Perekonomian Eropa yang carut-marut telah memakan korban. Italia, Spanyol, Irlandia dan Yunani adalah contohnya. Melihat kondisi itu, jelas bukan satu tindakan bijak bagi Turki untuk bergabung dengan Uni Eropa.
Pakar Strategi dari Institut Teknologi Federal, Zurich, Kurt R Spillman menilai Turki tidak lagi melihat integrasi dengan Eropa menjadi prioritas. Sebaliknya, Turki lebih memilih mengejar industrialisasi dan Islamisasi.

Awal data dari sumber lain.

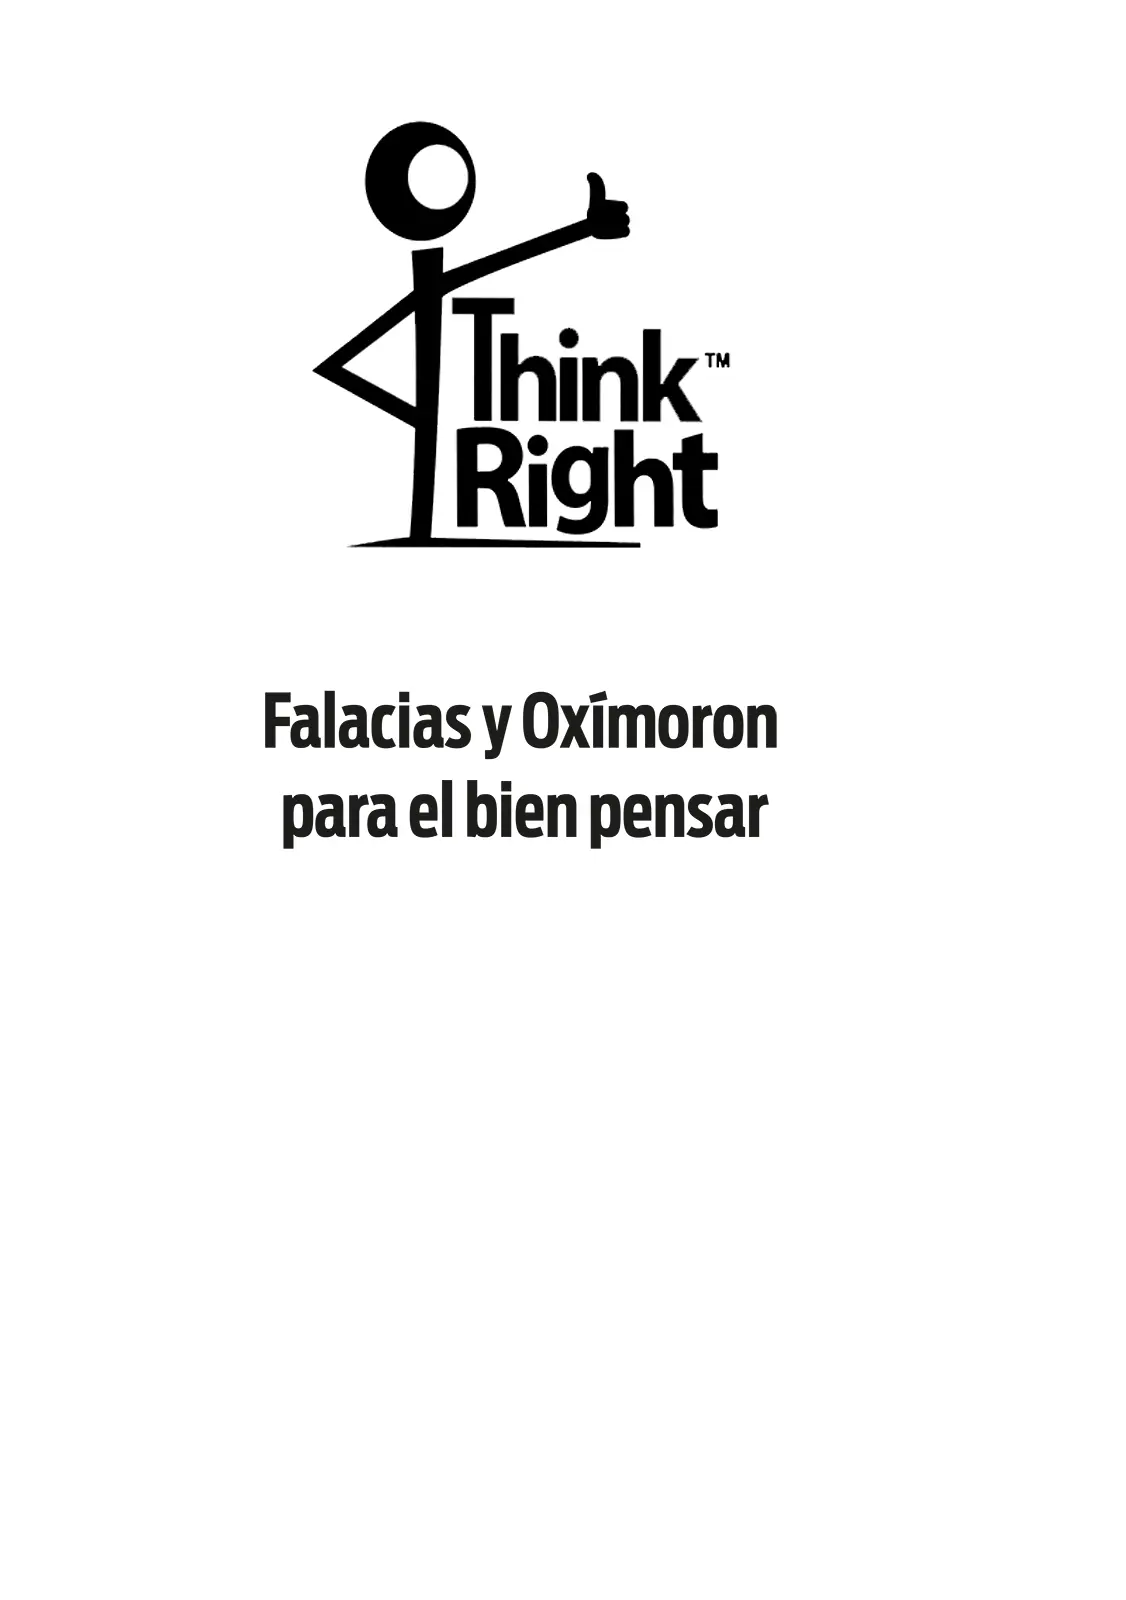 Think right Falacias y Oxímoron para el bien pensar 2021 José Mora O ISBN - фото 1

"Pakem ini didorong kekuatan ekonomi Turki. Satu dekade lalu, Turki hampir bangkrut. Hari ini, Turki menjadi bagian salah satu kekuatan ekonomi dunia. Itu berkat kepemimpinan PM Turki, Reccep Tayyib Erdogan," kata dia seperti dikutip swissinfo.ch, Rabu (31/10).
Menurut Spillman, indikasi itu terlihat ketika Erdogan mengunjungi Cologne, Jerman, pada 2008 lalu. Saat berpidato, Erdogan mengungkap keinginan Turki untuk menjadi anggota Uni Eropa. Namun, hal itu berubah.
"Turki lebih memilih menanamkan pengaruh geopolitiknya. Di Barat, Turki mulai menjadi pemain kunci di wilayah Mediterania. Di Utara dan Timur, ia menjadi penghubung Asia Tengah. Yang terpenting adalah, di Selatan, ia menjadi contoh sintesis keberhasilan industrialisasi dan kebudayaan Islam," kata dia.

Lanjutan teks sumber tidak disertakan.